Monday, Jul. 11, 1994

Dollar Daze

By GEORGE J. CHURCH

The dive in the dollar had once been expected to dominate this week's summit meeting of the seven major industrial powers in Naples. But now Secretary of the Treasury Lloyd Bentsen insists there will be no "detailed discussion" -- and perhaps wisely. What, after all, could Bill Clinton say? That he is not to blame for the battering of the buck, sees little he can do about it, and is not sure he should even try? A plausible argument could be made for all those propositions, but it would not calm the currency markets.

Day after day the greenback has been hitting post-World War II lows against the Japanese yen. At one point last week the dollar would buy less than 98 yen, down about 2% since June 21 and 10% since February. The dollar has also fallen about 8% this year against the deutsche mark, to 1.59 DM last week. Those drops have contributed to a continuing erosion of stock and bond prices. The Dow Jones industrial average was 3647 Friday, down 8% from its Jan. 31 high, while the yield on 30-year U.S. Treasury bonds had risen to 7.6%, higher than when Clinton was inaugurated.

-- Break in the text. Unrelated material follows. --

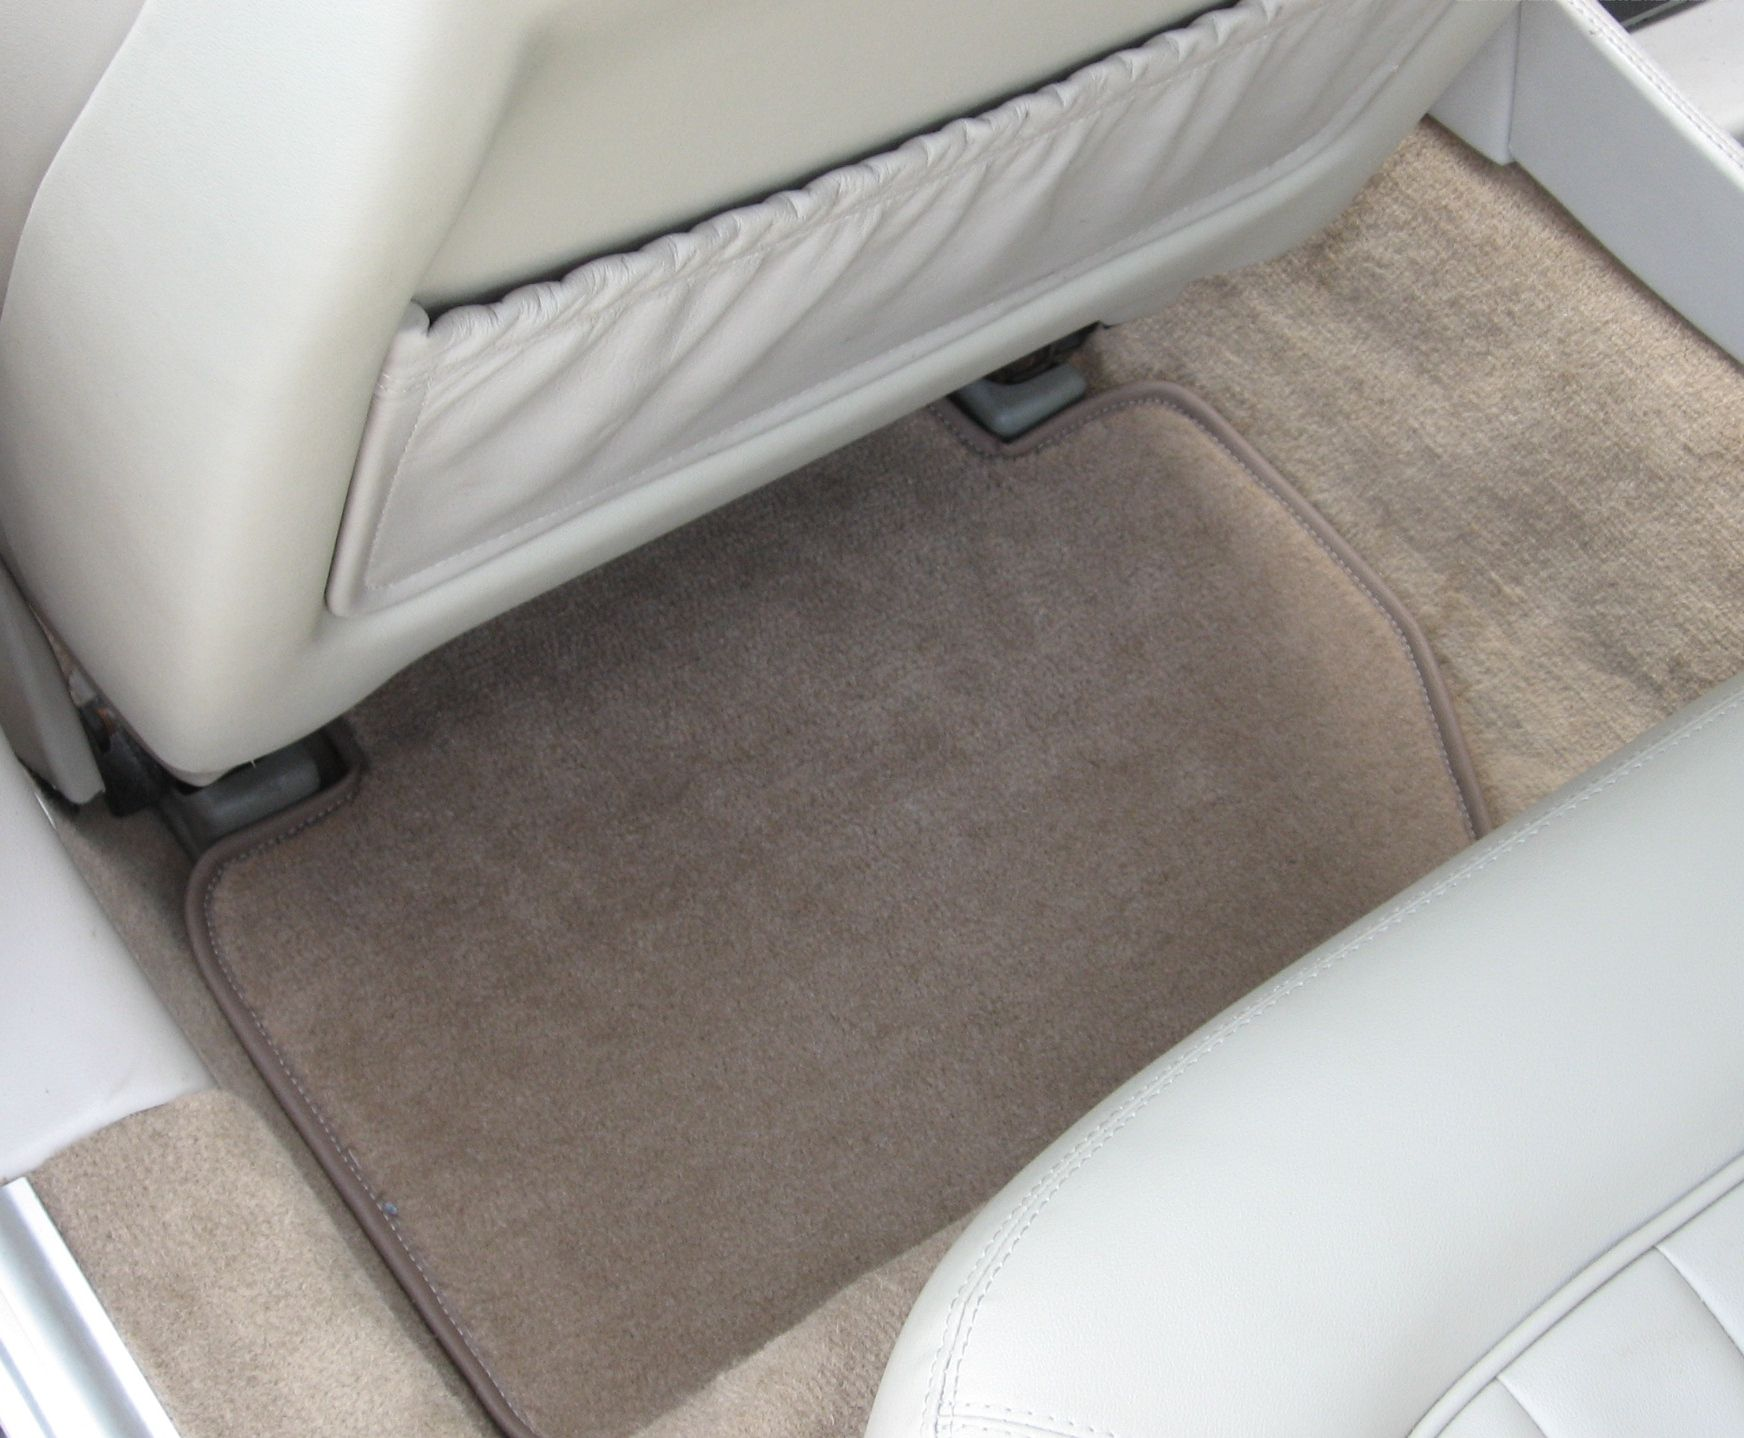 floor itm mats tailored sapp k image jaguar is ebay grey ribb loading xkr

How come, when the U.S. economy is expanding steadily with little inflation? Some conservatives grumble about an international investors' vote of no confidence in Clinton's leadership. But most analysts stress other causes. German financiers cite a worldwide demand for investment capital to finance renewed economic growth. The U.S., they say, is losing out because investments in other countries yield a return roughly equal to what American securities pay, with less risk of currency-exchange losses. So fear of a further decline in the dollar chokes off the very investments that could prevent it.

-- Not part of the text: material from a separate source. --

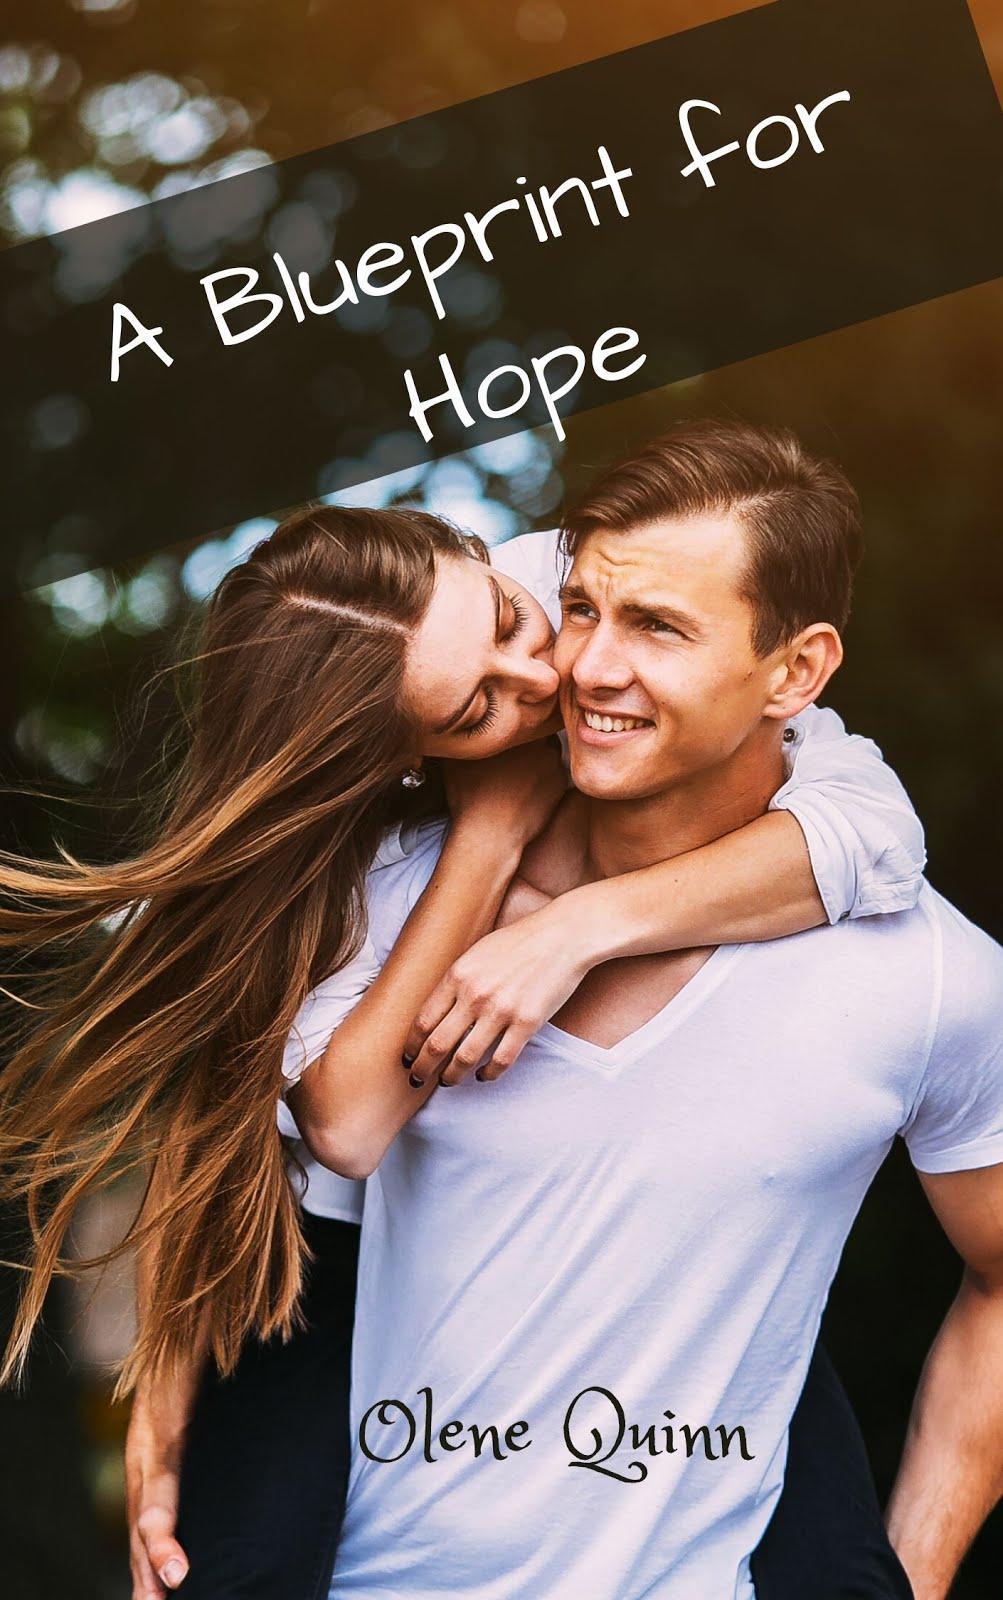 A Blueprint for Hope

More fundamentally, decades of U.S. trade deficits have sent hundreds of billions of dollars sloshing around the world, and the oversupply, like an oversupply of, say, wheat, drives down the price. In particular, the U.S. trade deficit with Japan creates a constant pressure against the dollar. Japanese companies regularly sell the dollars they earn trading with the U.S. for yen to pay off workers, stockholders and creditors in Japan. The pressure might be eased by a Tokyo government with the will and staying power to negotiate a trade deal that would reduce Japan's trade surplus with the U.S. -- but the bizarre coalition government cobbled together last week hardly qualifies.

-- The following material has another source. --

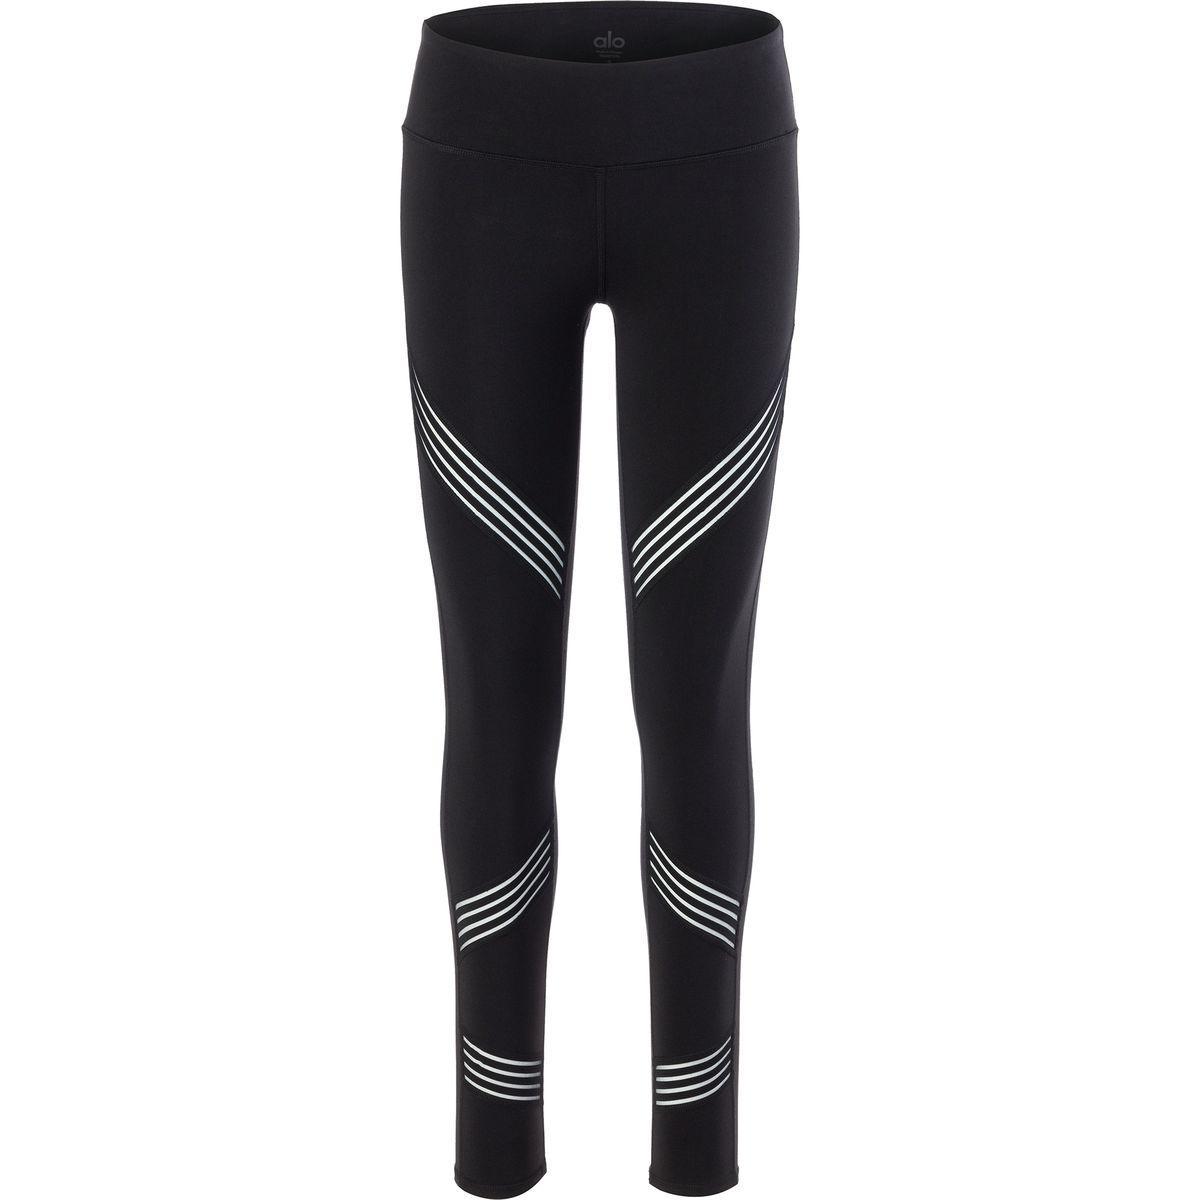 007cff1fa79fe Lyst - Alo Yoga Multi Legging in Black

Coordinated selling of yen and marks and buying of dollars by government central banks has twice failed to prop the dollar's price. The U.S. Federal Reserve might try raising interest rates again -- possibly this week -- to make American investments more attractive to foreigners. But most analysts doubt such a move would accomplish much unless it were synchronized with interest-rate cuts in Europe and Japan, which would not be easy to achieve. It could even be dangerous. The big worry about the dollar slide is that it will fan U.S. inflation by raising the price of imported goods and the American- made products that compete against them. But the U.S. imports more from Canada and Mexico than from Germany and Japan, and the American currency has actually risen against the Canadian dollar and the Mexican peso. A further rise in interest rates might hurt the U.S. economy, by making consumer purchases and business investments more costly to finance, much more than it would help by restraining import inflation.

Doing nothing has its dangers too. The drop could feed on itself until it got totally out of hand. One helpful factor is that the dollar is considered to be undervalued: it will not buy as much as an equivalent number of marks or yen. In a rational world the dollar would rise until the purchasing power of the various currencies was equalized. But waiting for rationality in currency markets is like waiting for the really big earthquake to hit California: it could come tomorrow, or in the next decade, or not in our lifetime.